#### [Exercise prompt]
An exact copy of the listing below is needed, with no pictures in it.

#### [Dataset section]
+++

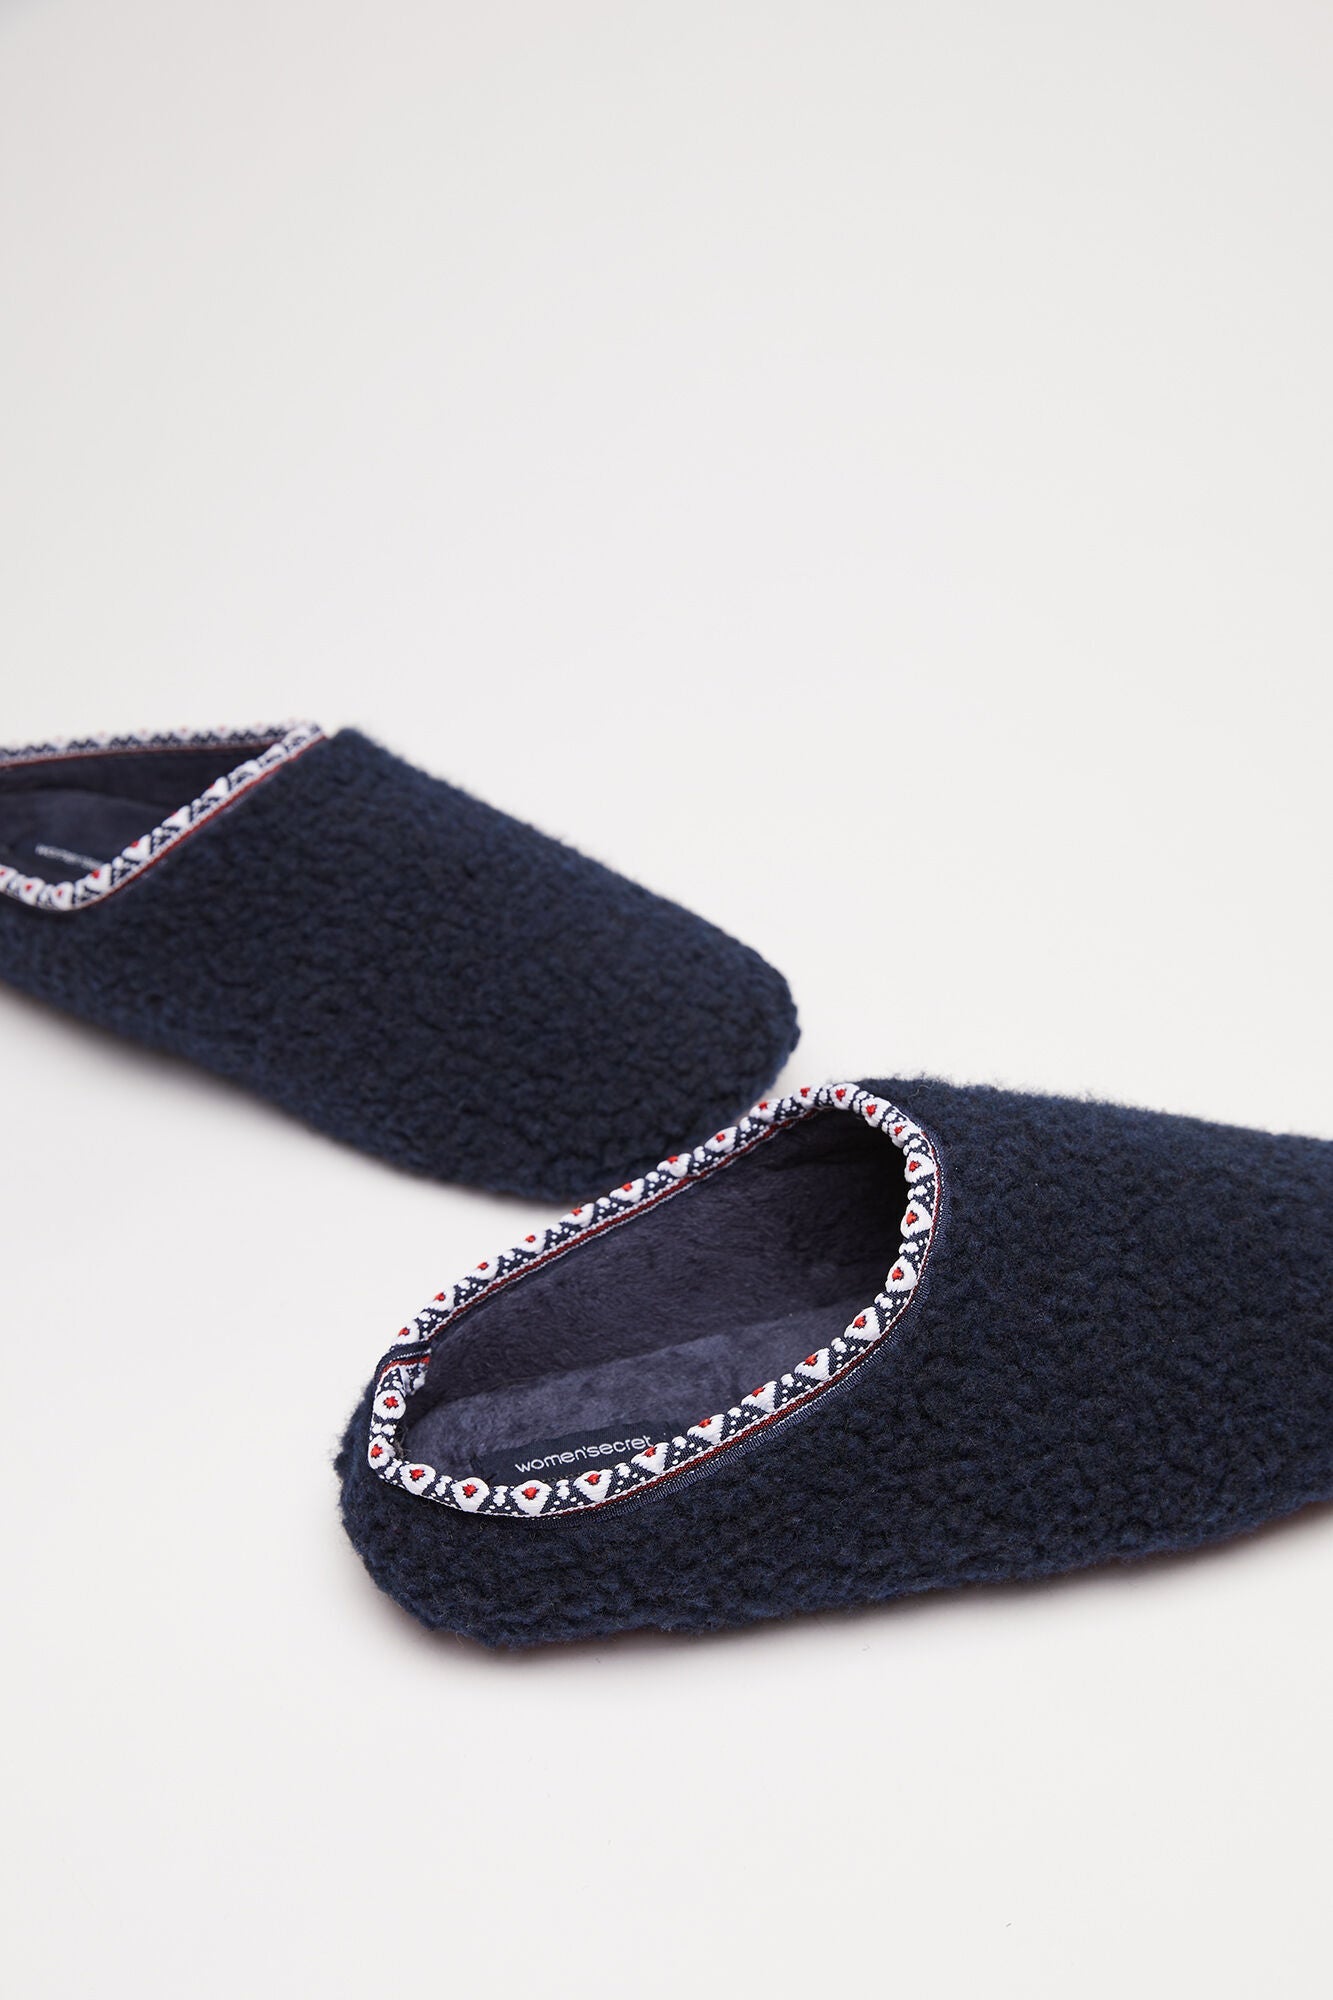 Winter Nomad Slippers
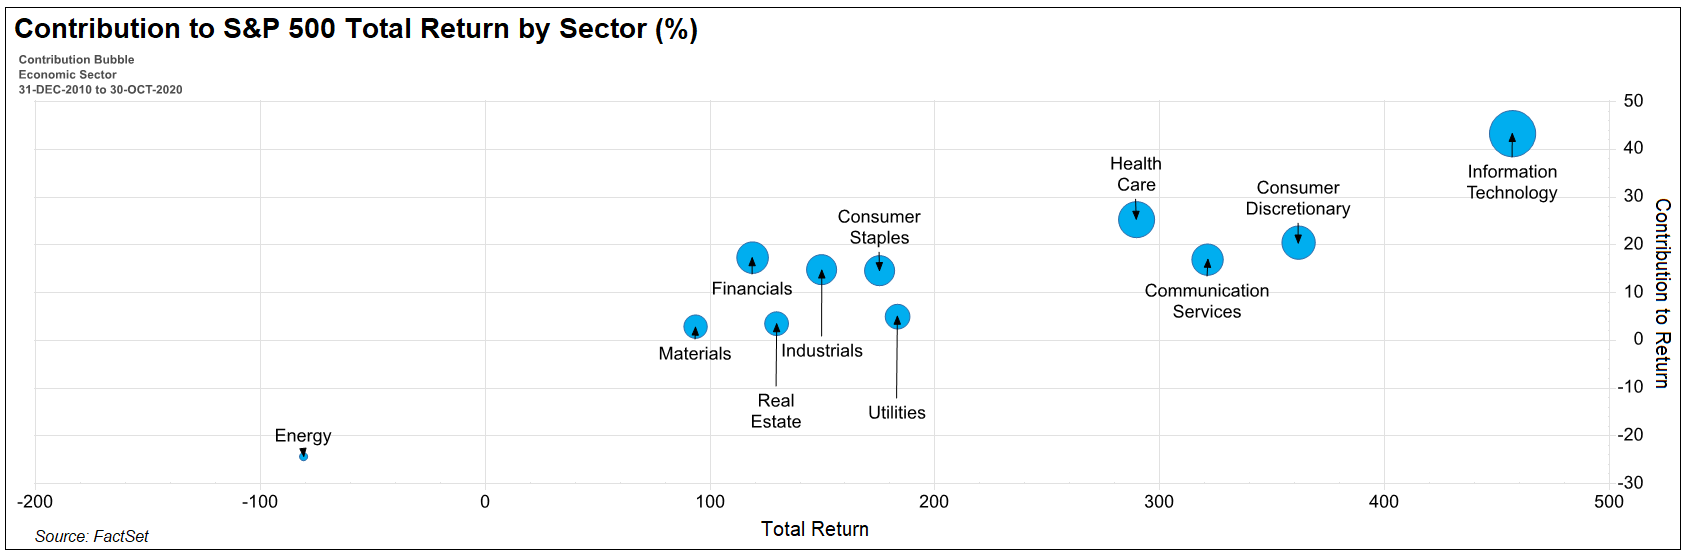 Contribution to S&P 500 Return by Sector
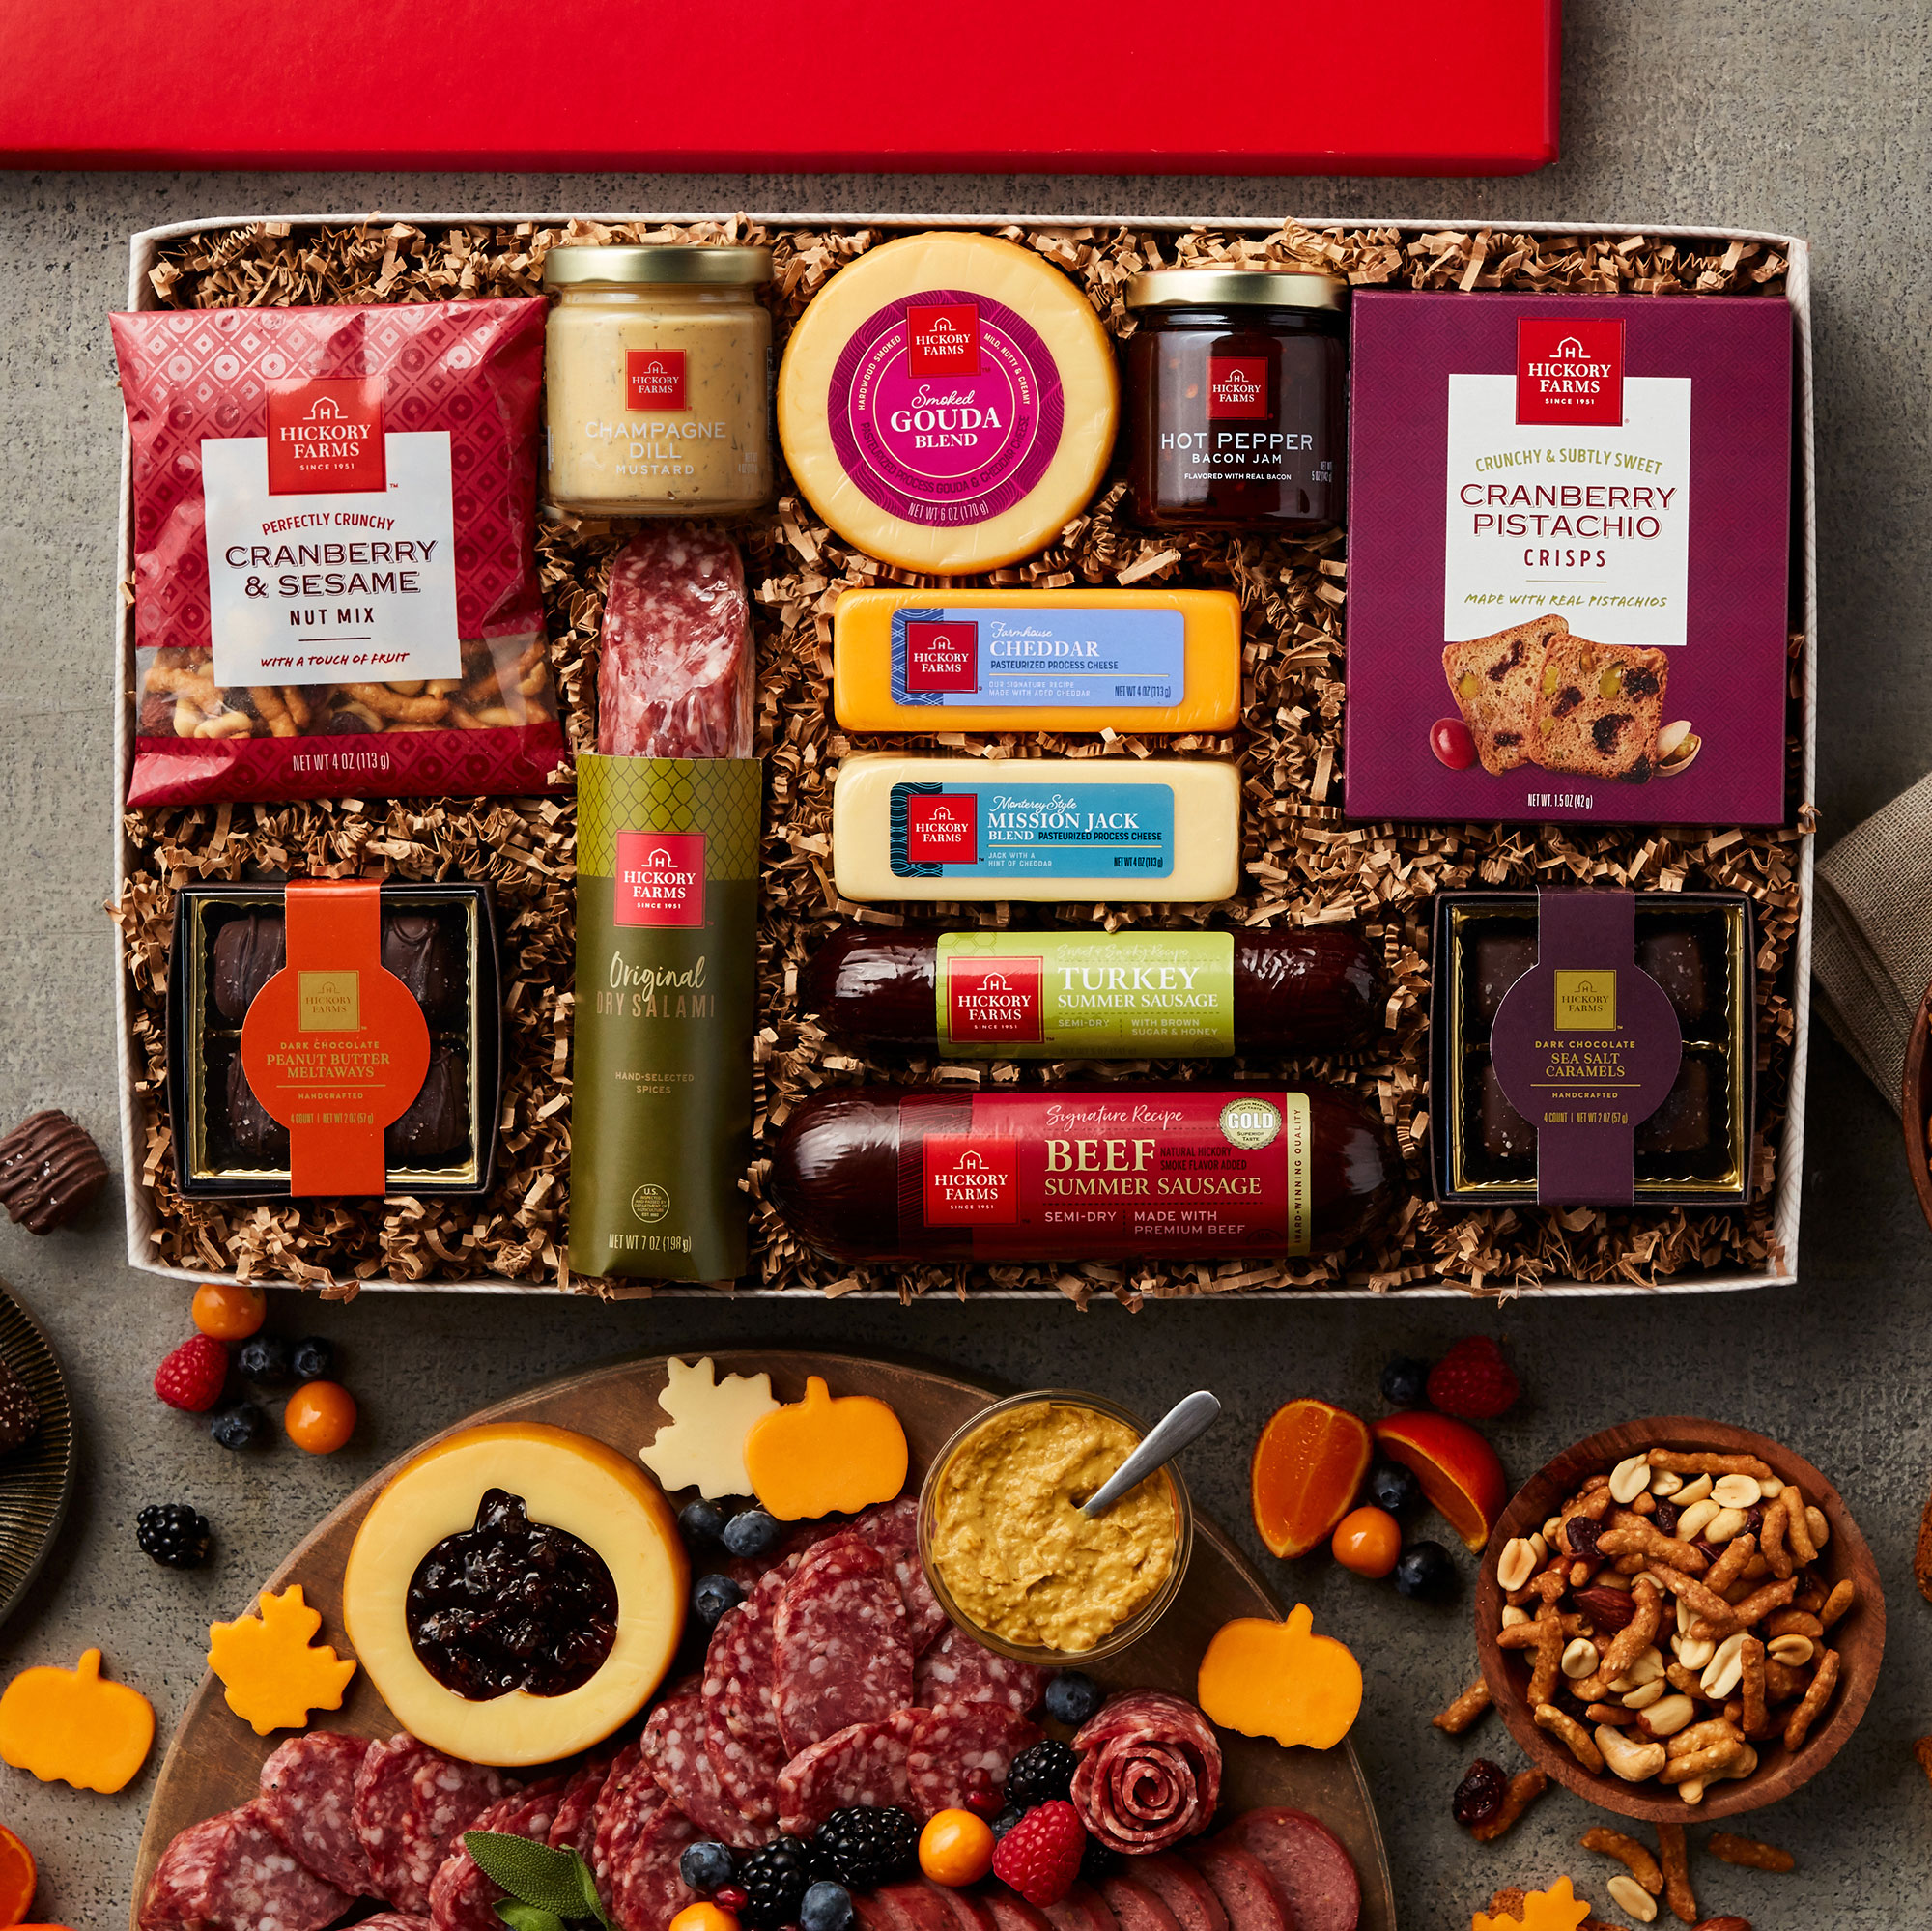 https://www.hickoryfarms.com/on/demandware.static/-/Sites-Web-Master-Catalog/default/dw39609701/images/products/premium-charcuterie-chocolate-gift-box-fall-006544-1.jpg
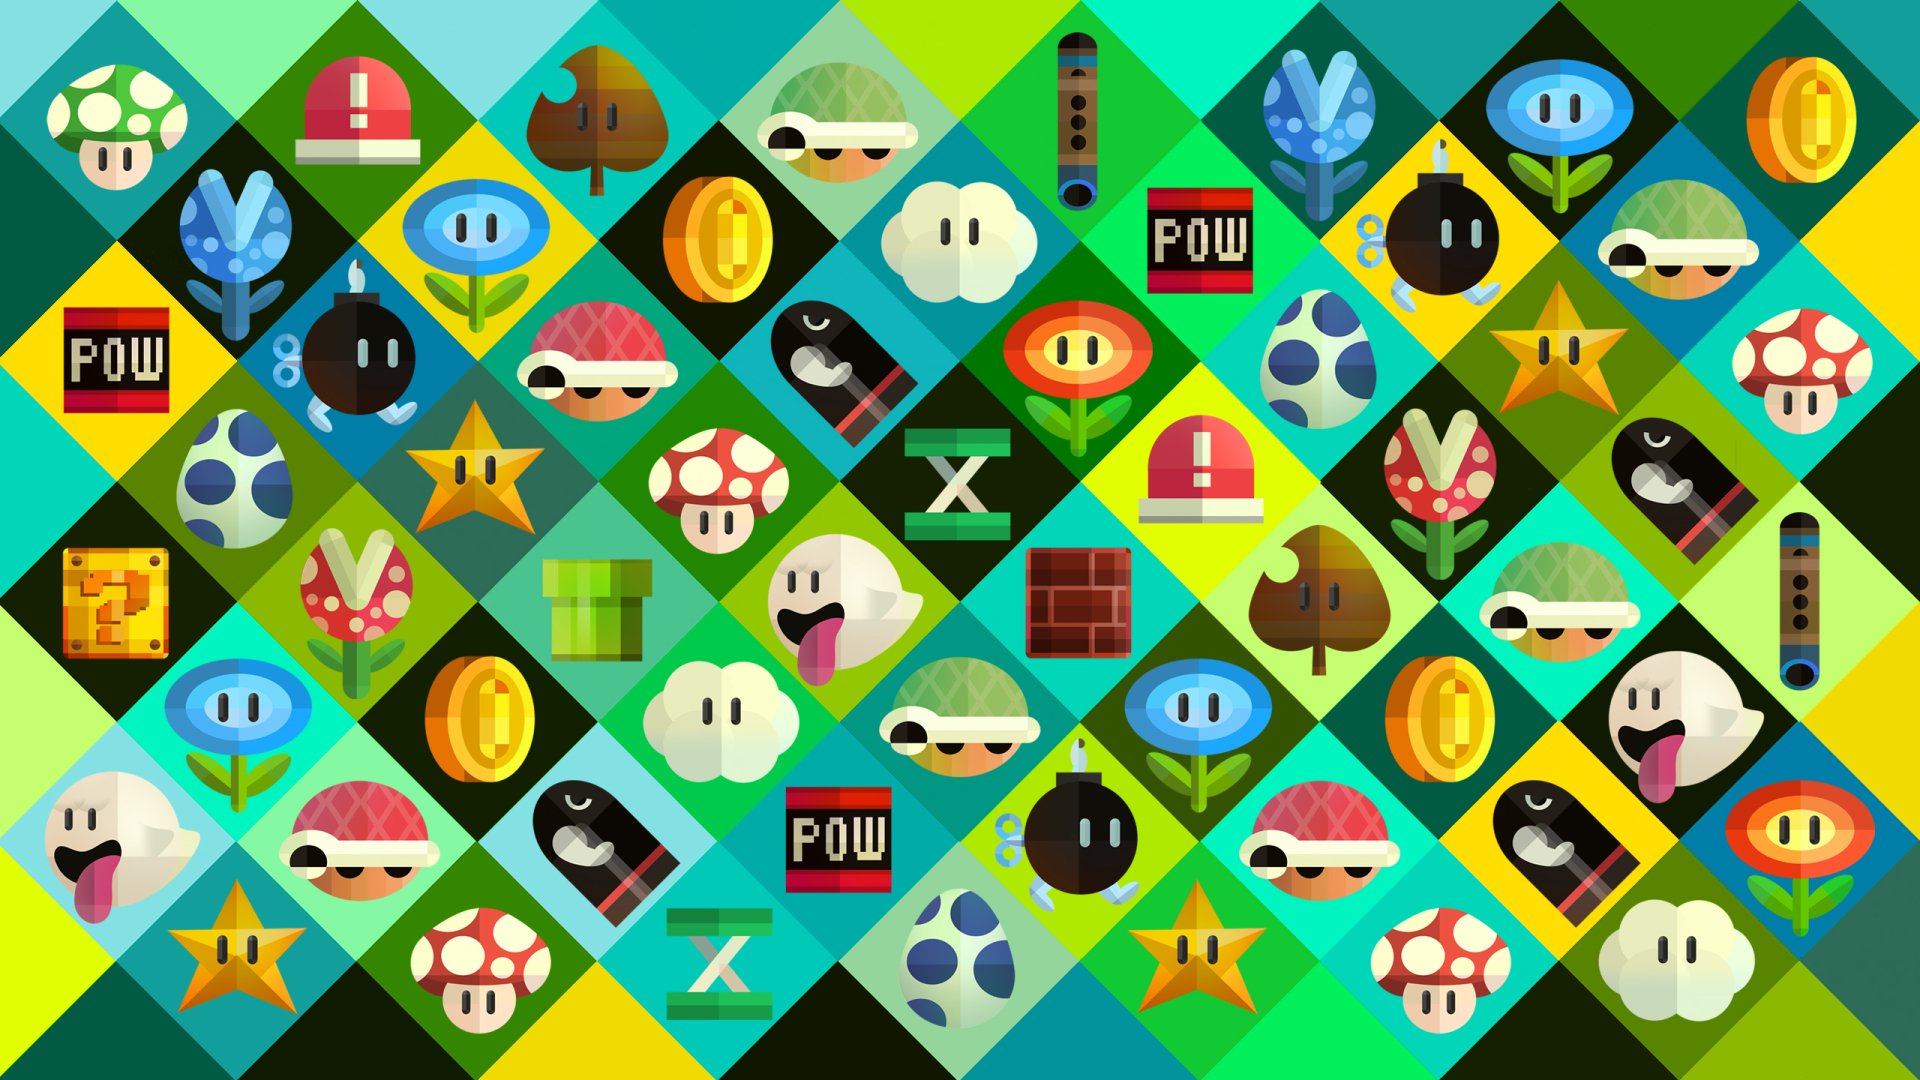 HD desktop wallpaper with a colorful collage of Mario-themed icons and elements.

+++

#### [Answer for the task]
 Winter Nomad Slippers
 Contribution to S&P 500 Return by Sector
 https://www.hickoryfarms.com/on/demandware.static/-/Sites-Web-Master-Catalog/default/dw39609701/images/products/premium-charcuterie-chocolate-gift-box-fall-006544-1.jpg
 HD desktop wallpaper with a colorful collage of Mario-themed icons and elements.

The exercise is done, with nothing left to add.